Goal of the exercise: Take the data below and write it out exactly, except for the pictures.

═════ Data block

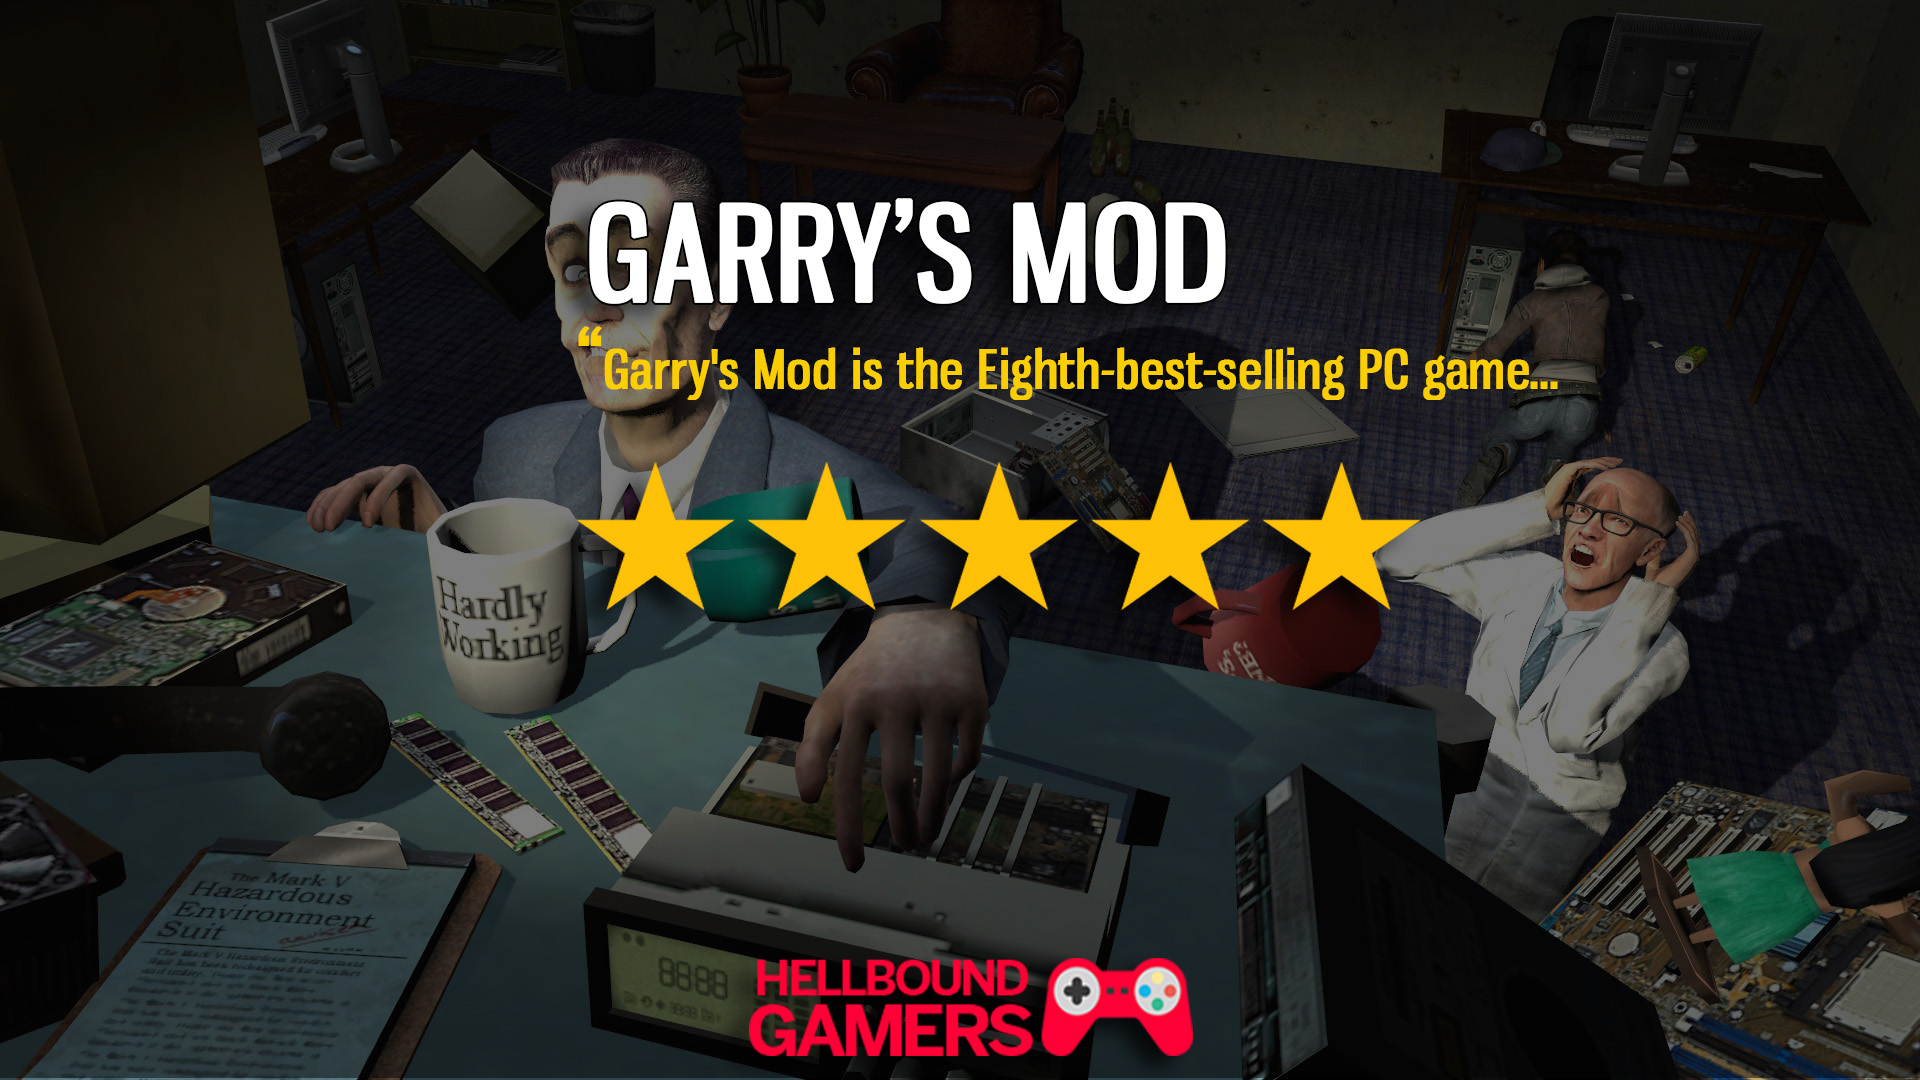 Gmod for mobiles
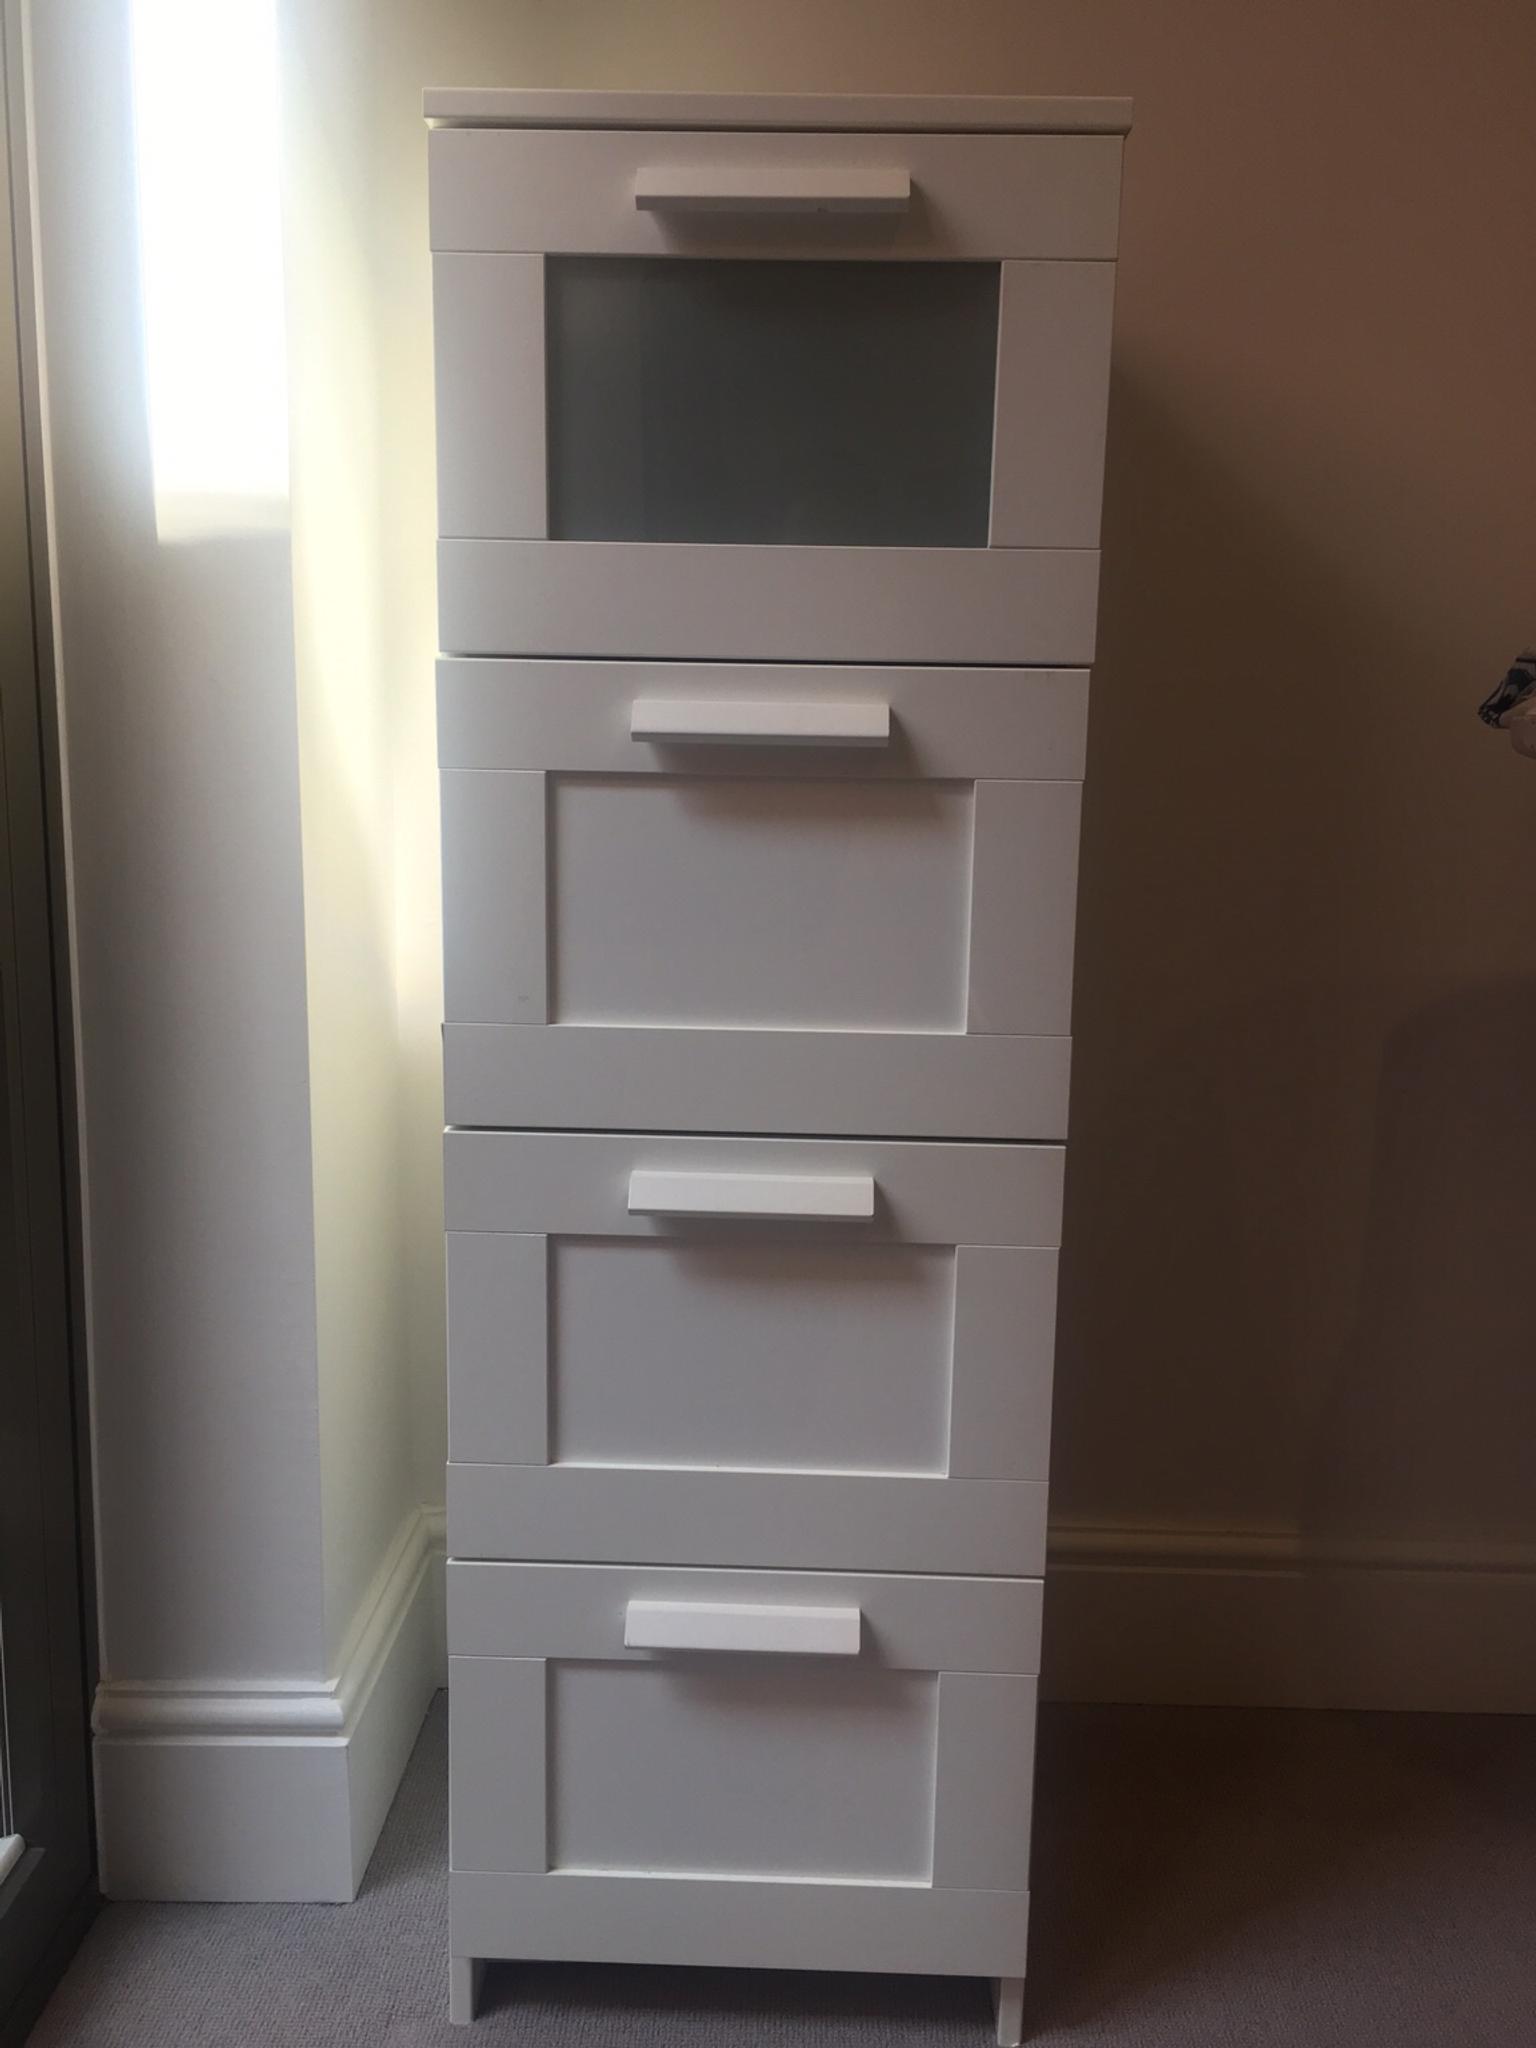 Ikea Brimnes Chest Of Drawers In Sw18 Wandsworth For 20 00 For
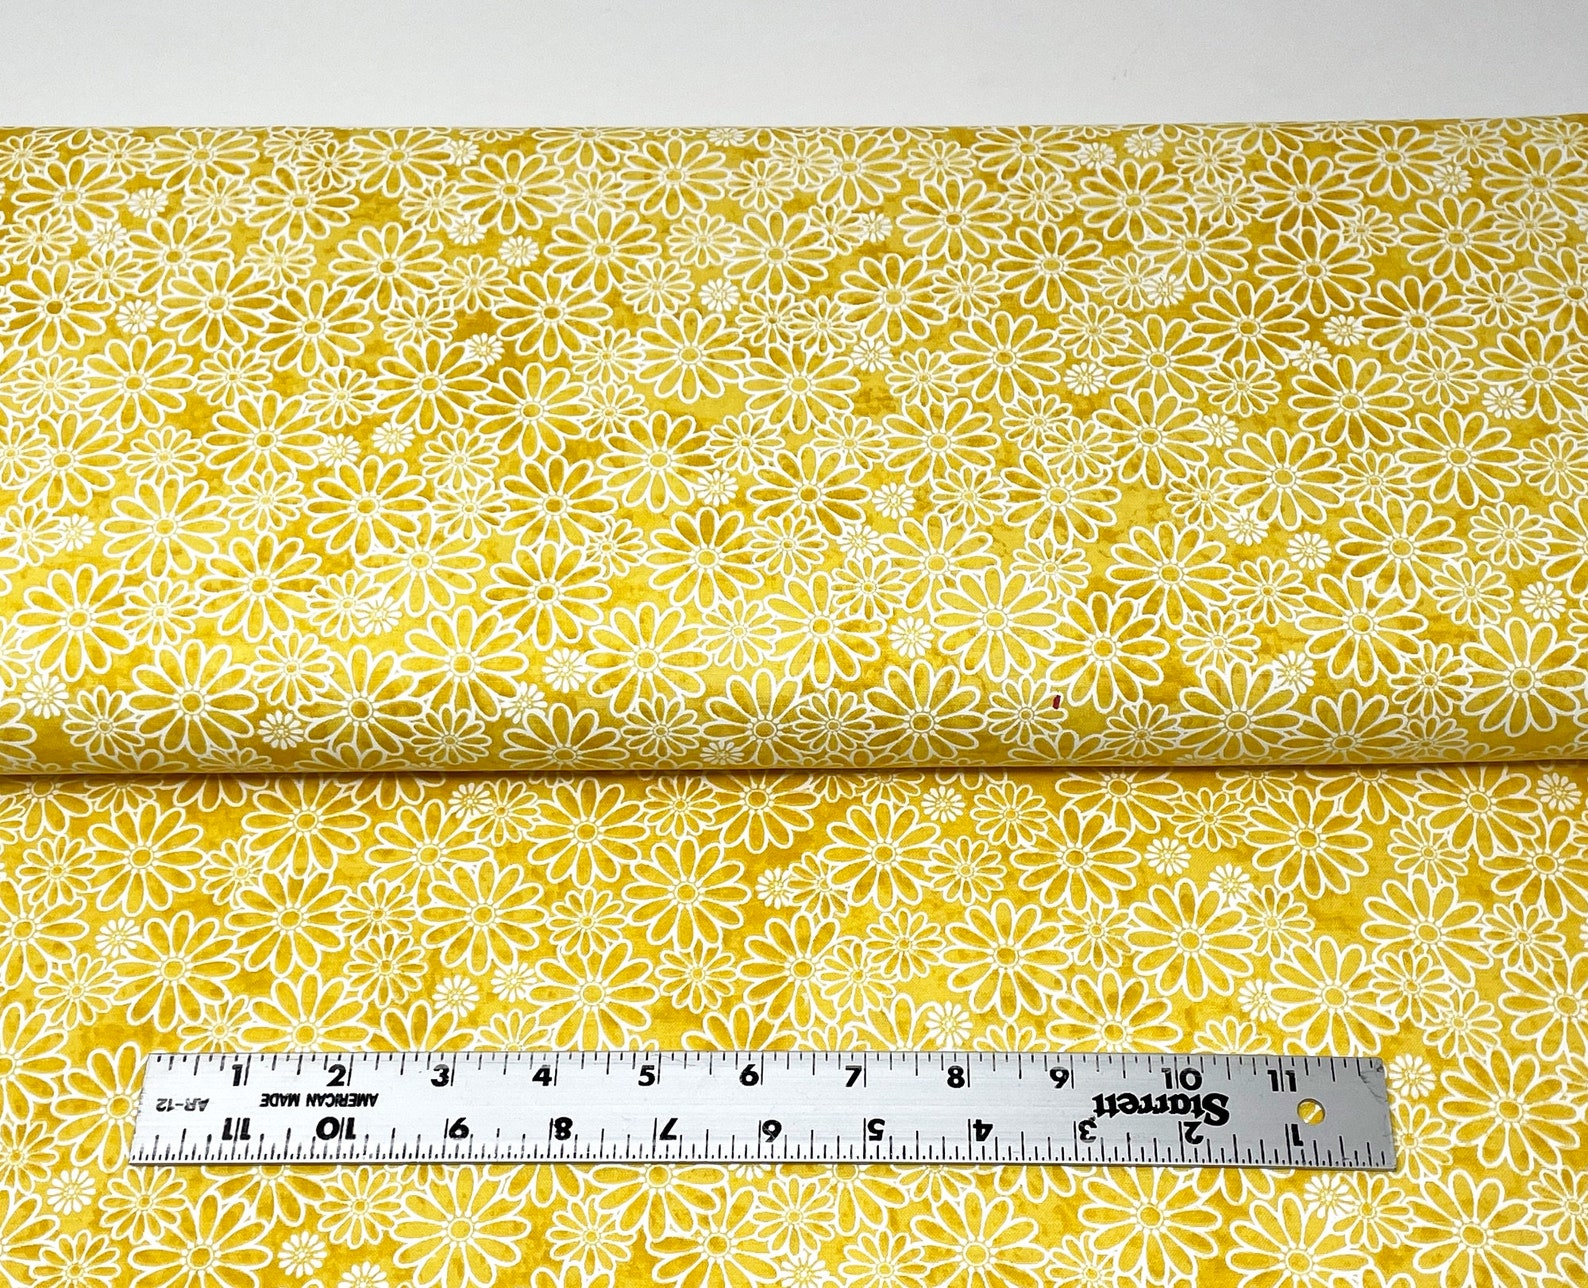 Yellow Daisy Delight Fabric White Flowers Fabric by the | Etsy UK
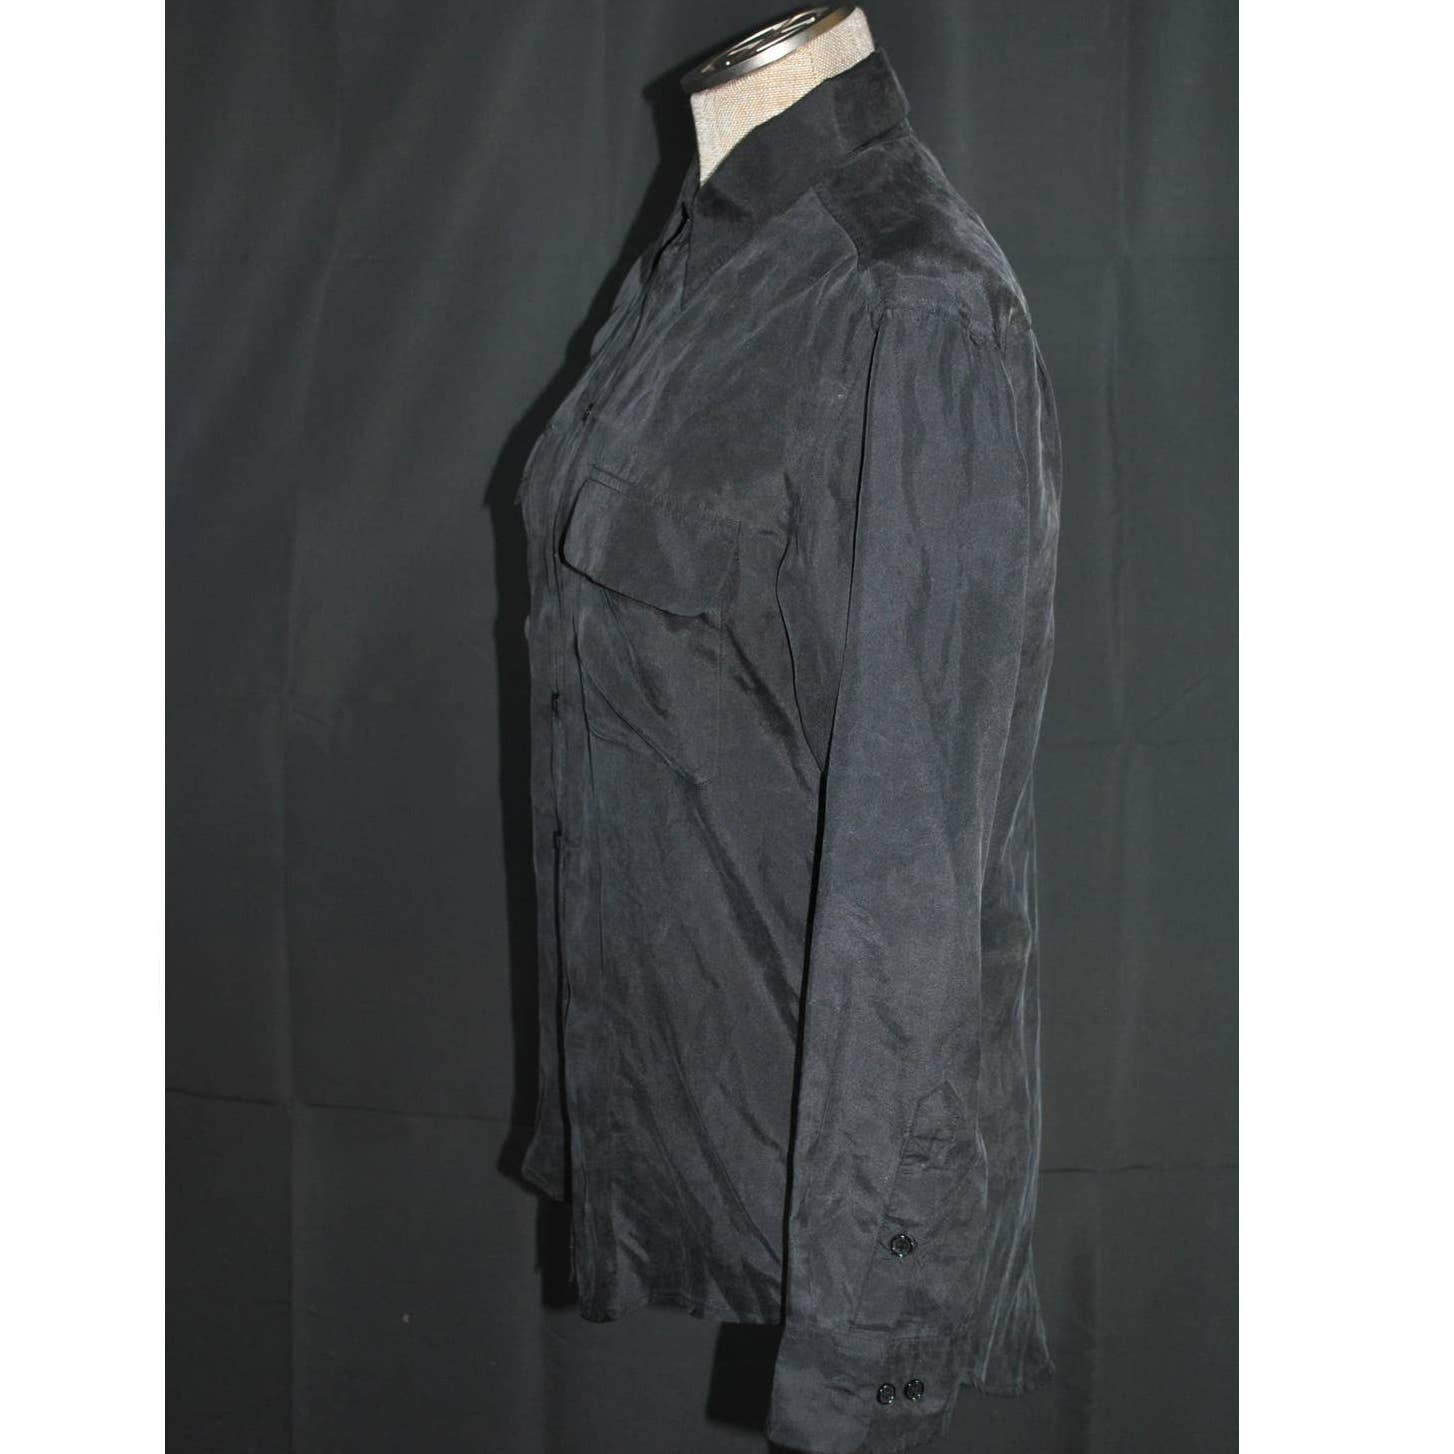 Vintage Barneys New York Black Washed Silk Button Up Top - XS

══════════

Written response:
 Gmod for mobiles
 Ikea Brimnes Chest Of Drawers In Sw18 Wandsworth For 20 00 For
 Yellow Daisy Delight Fabric White Flowers Fabric by the | Etsy UK
 Vintage Barneys New York Black Washed Silk Button Up Top - XS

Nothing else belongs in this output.